APPLICATIONS UP AS GMATs SLIP

By the numbers, it was a banner recruiting year for Wharton. The school received 6,679 applications for the full-time Class of 2018, the most since 2011-2012. That said, the enrollment, 851 students, was down by 10 from the previous year.

Academically, the mean GMAT was 730, slightly down from the 732 high water mark for the Class of 2017, with scores ranging from 700-700 in the 80% range. Wharton also posted the highest percentage of women in its history, with females constituting 44% of the class. That number beat out Harvard (43%), Yale (43%), Booth (42%), Northwestern (41%), and Stanford (41%) for high honors among the top business schools. Wharton’s percentage of international students held steady at 32%, with the percentage of U.S. students of color experiencing an uptick from 30% to 32%.
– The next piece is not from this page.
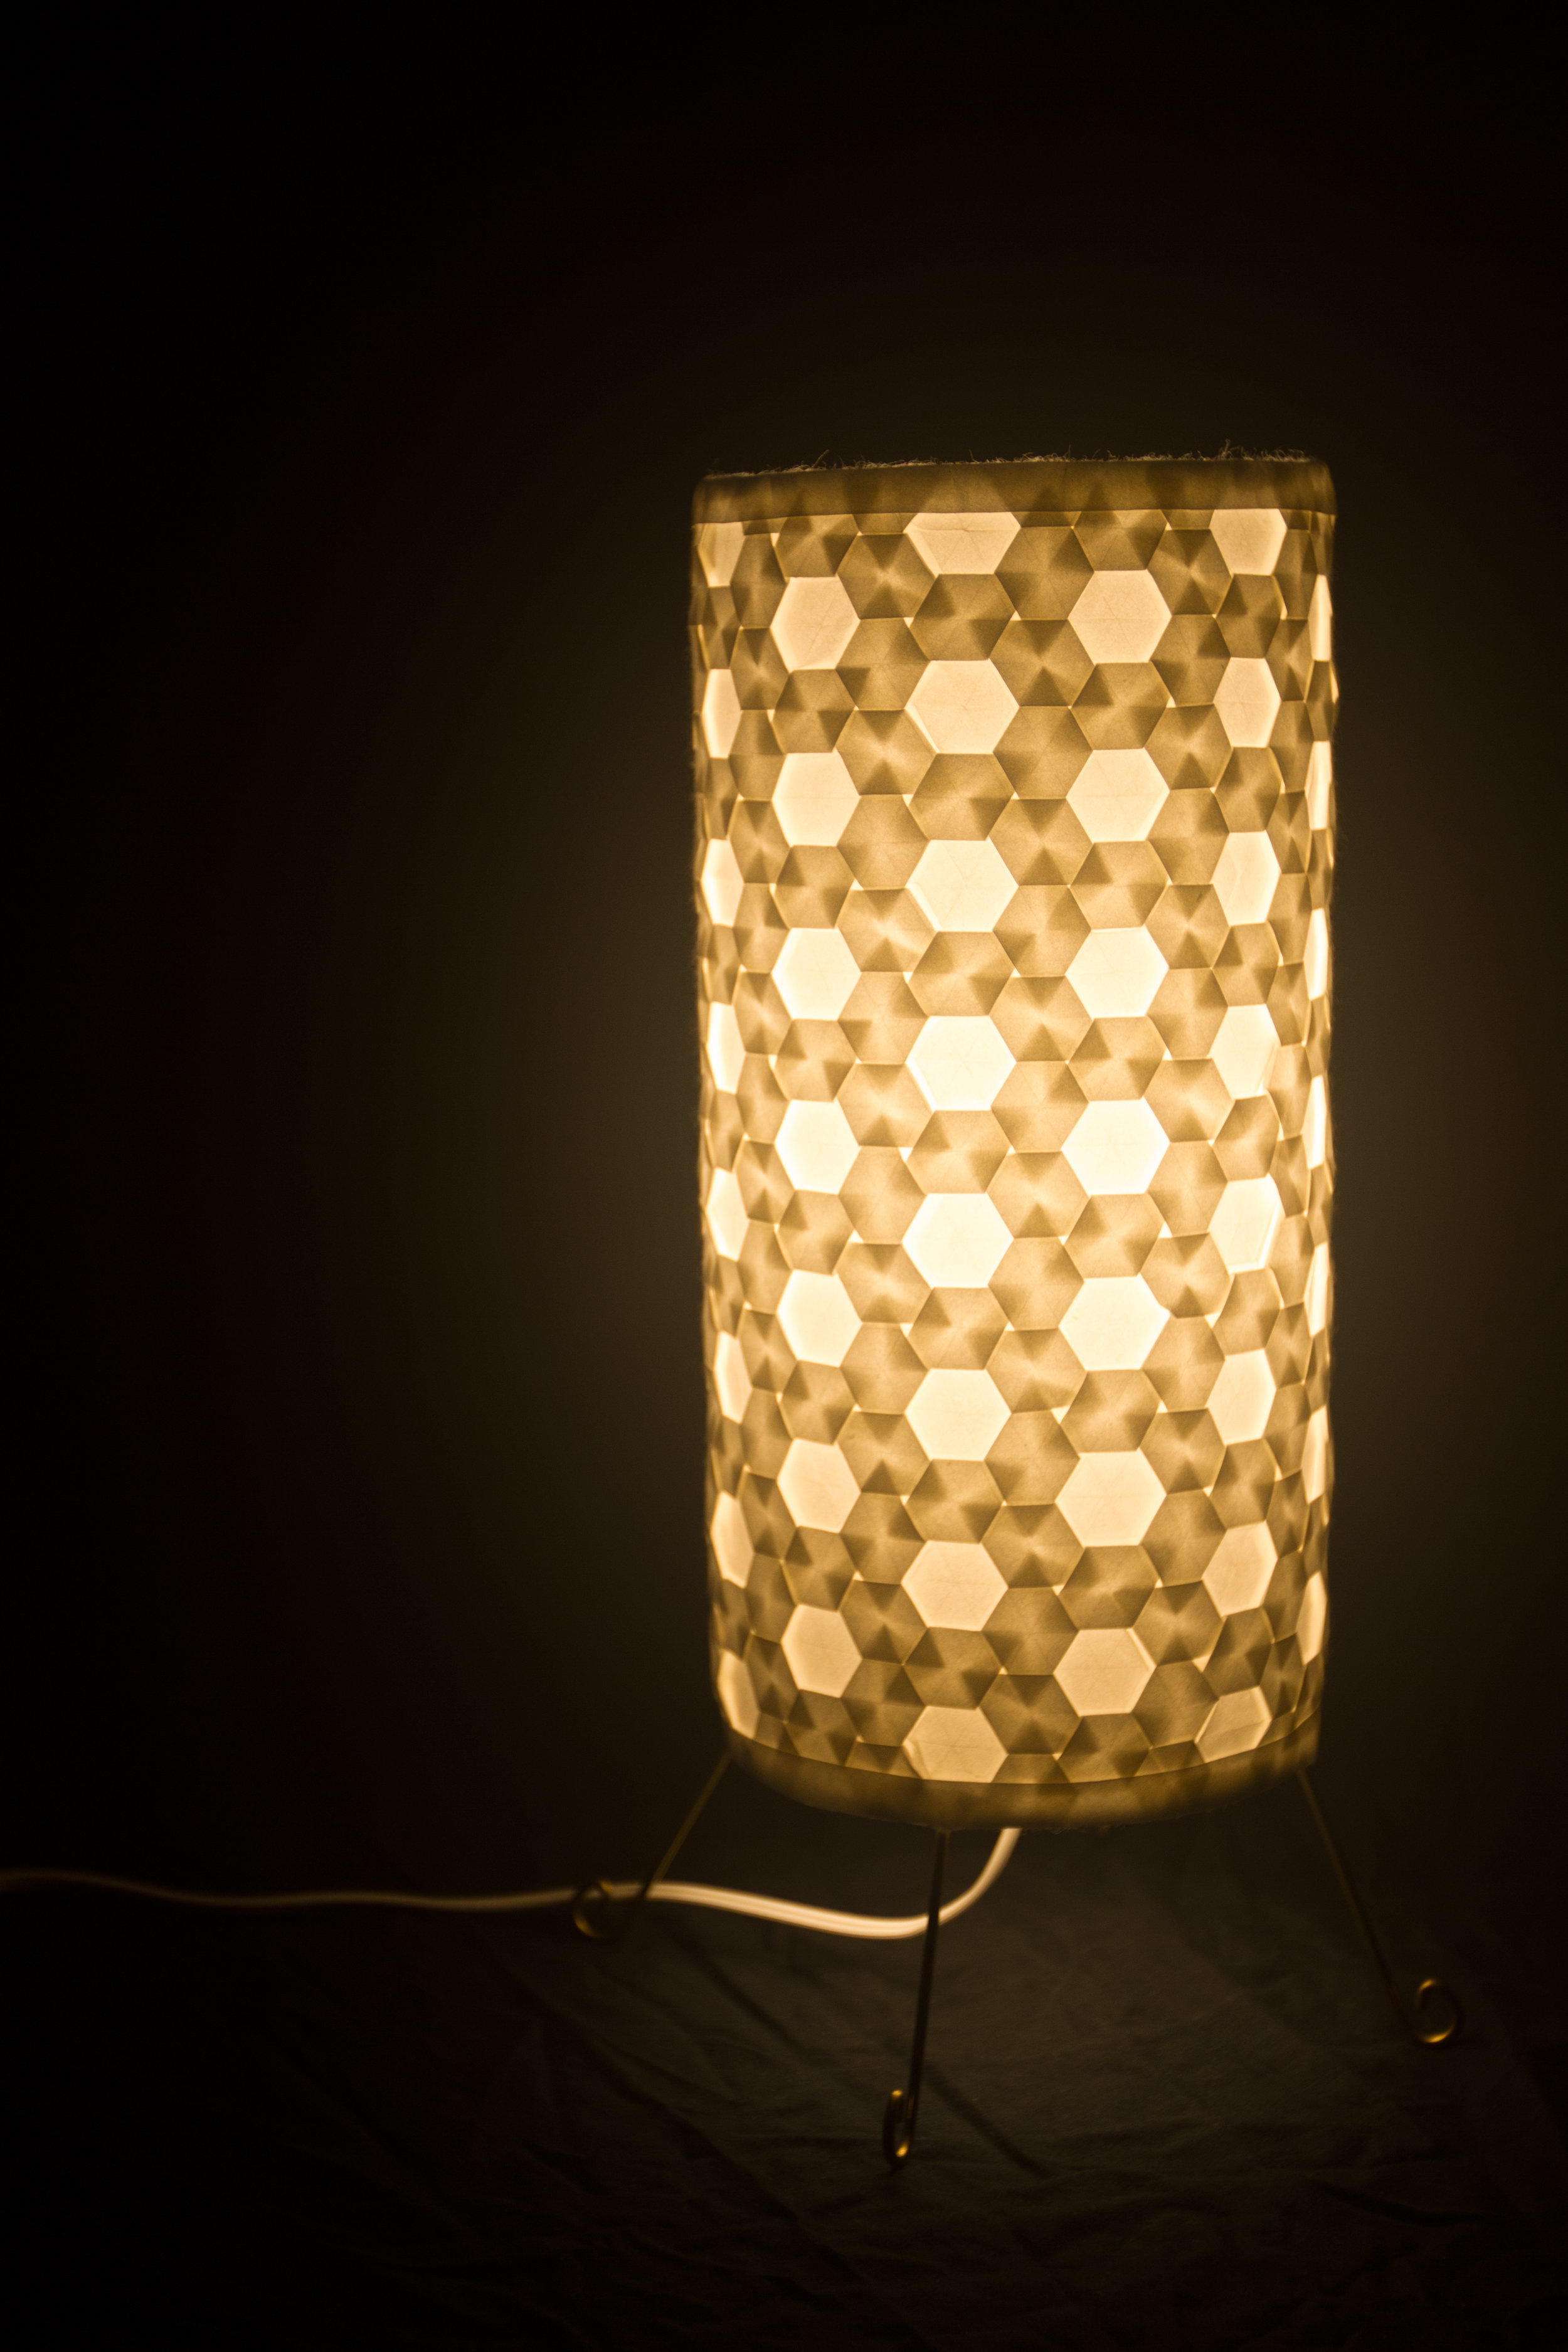 Lamp 03 - "Hive"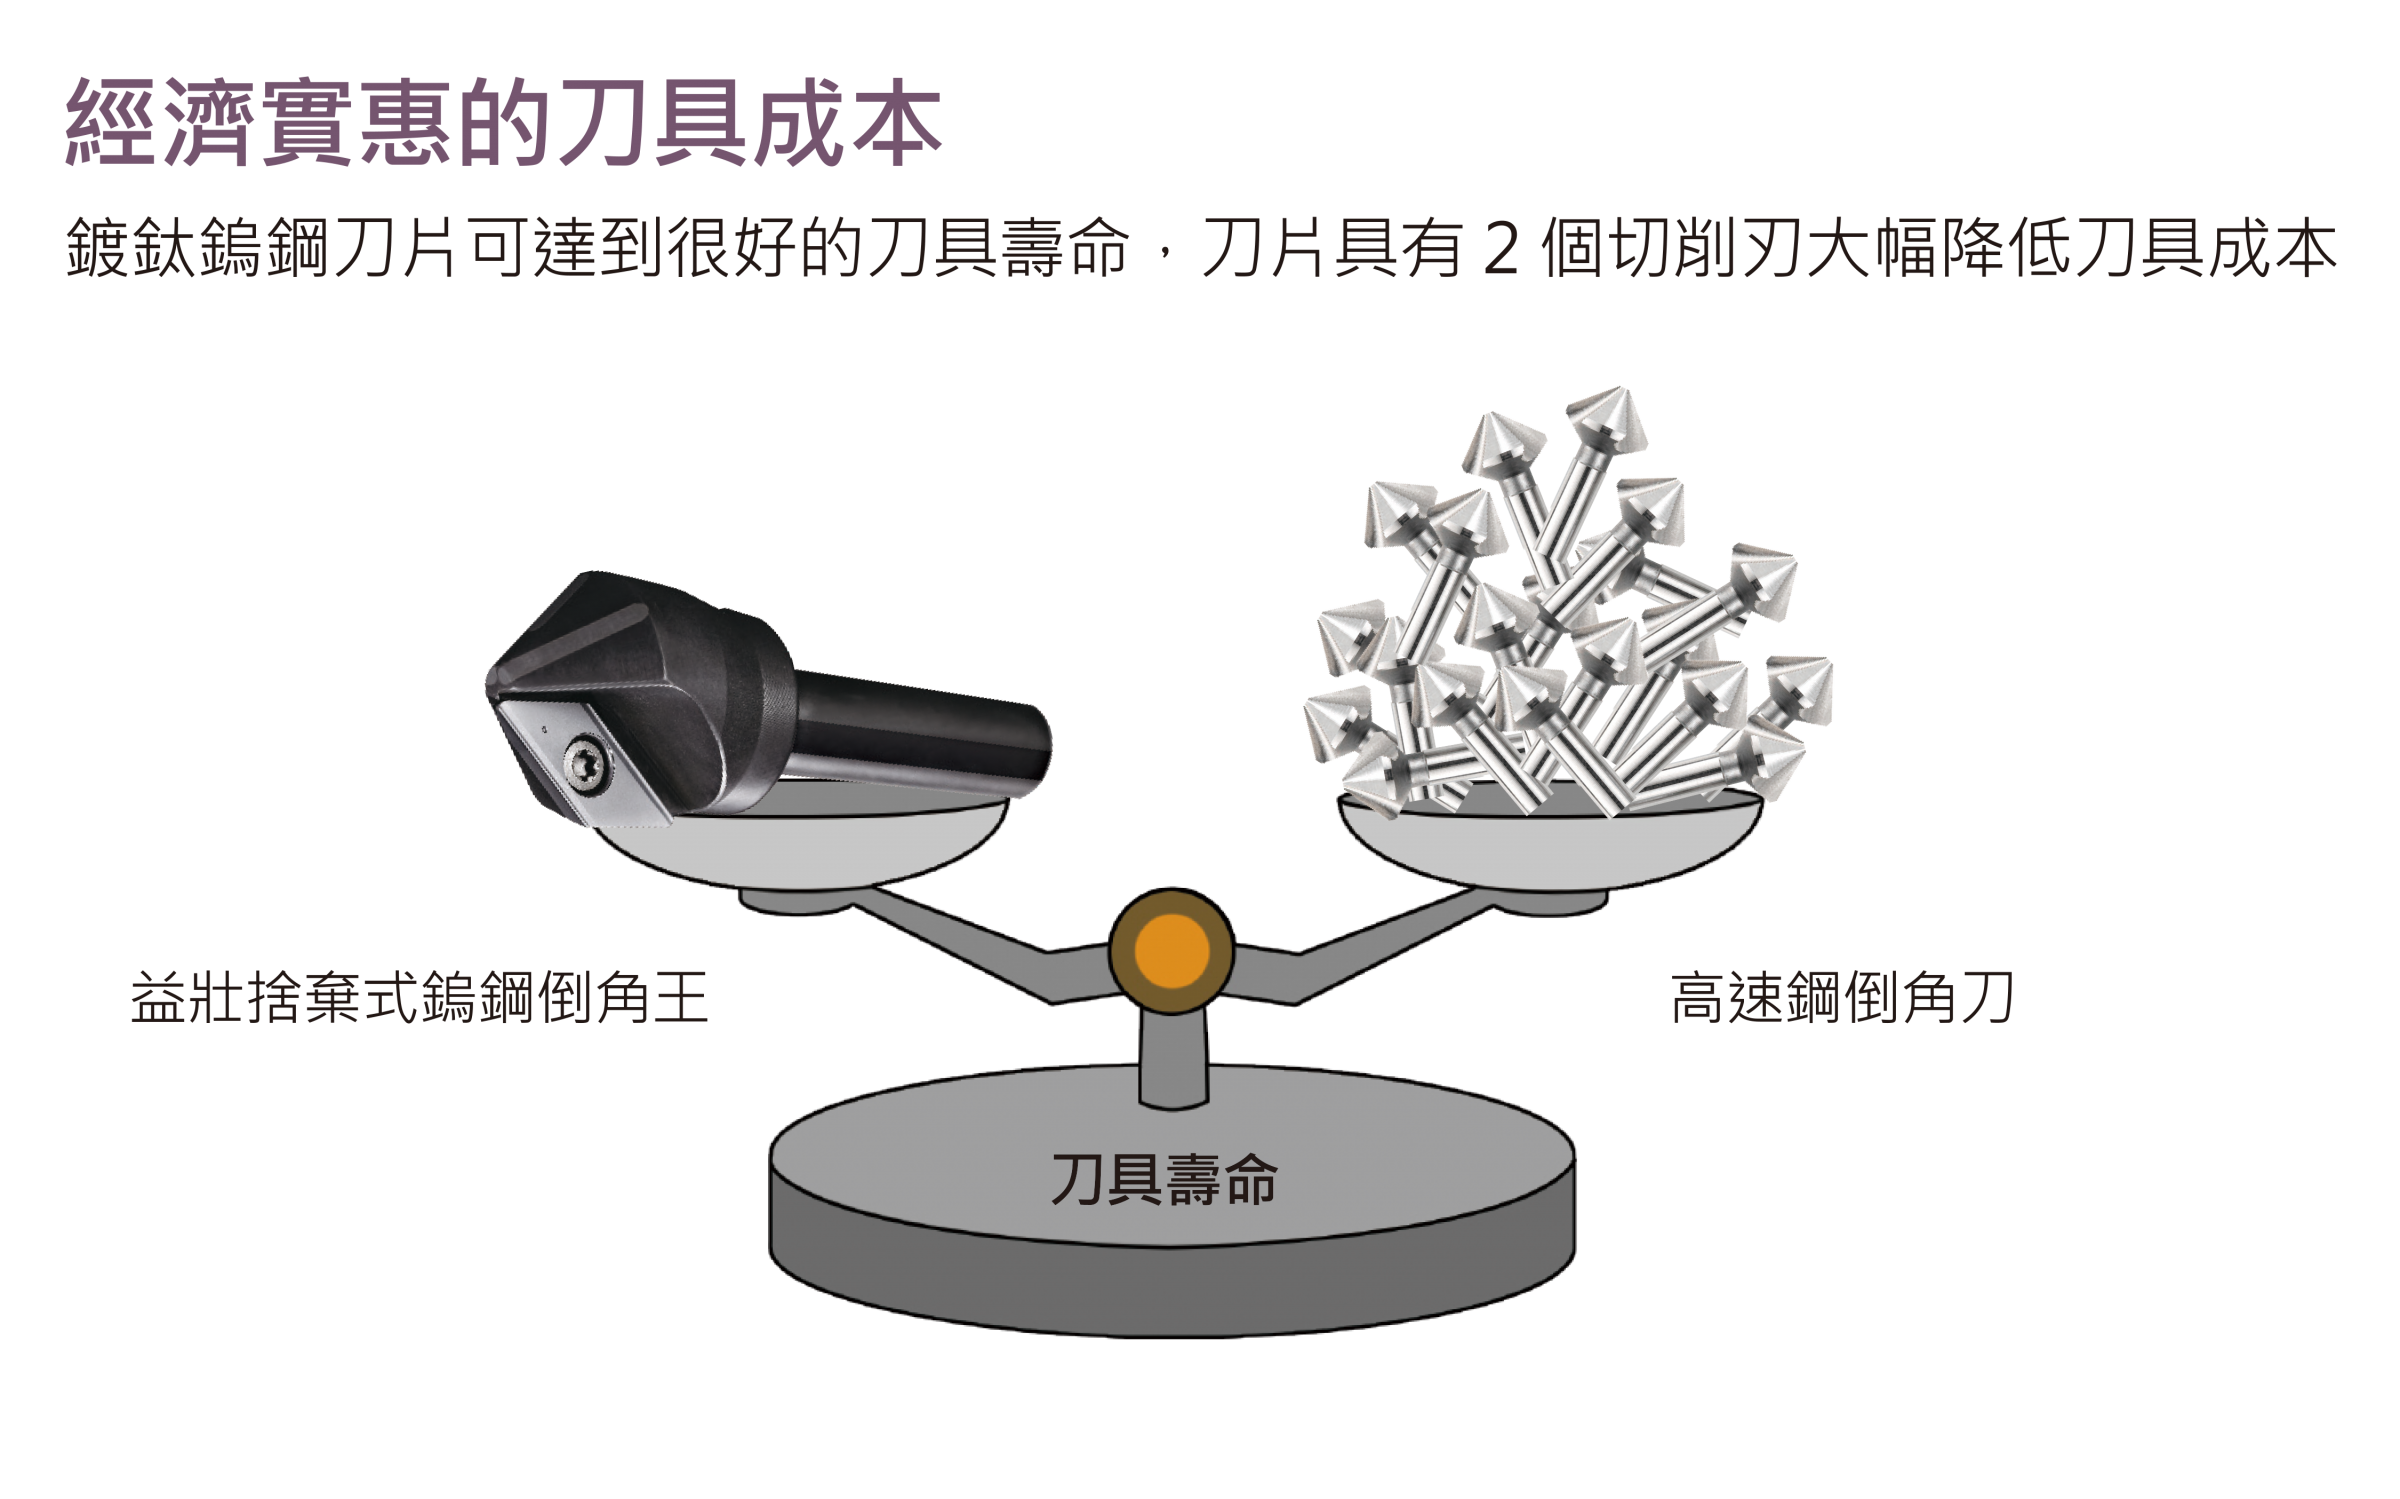 Yizhuang Chamfer Kingの2つの最先端により、交換ツールのコストを節約できます

Despite Wharton’s quant reputation, the program is actually a bastion for the liberal arts. 46% of the incoming class holds undergraduate degrees in the humanities, up from 42% last year. STEM (28%) and business (26%) account for the rest of the class. Like previous years, the largest proportion of the class hails from consulting at 23% (the same percentage as last year). Private equity (13%), government, non-profit, and the military (12%), investment banking (11%), and technology (9%) also make up sizable chunks of the class.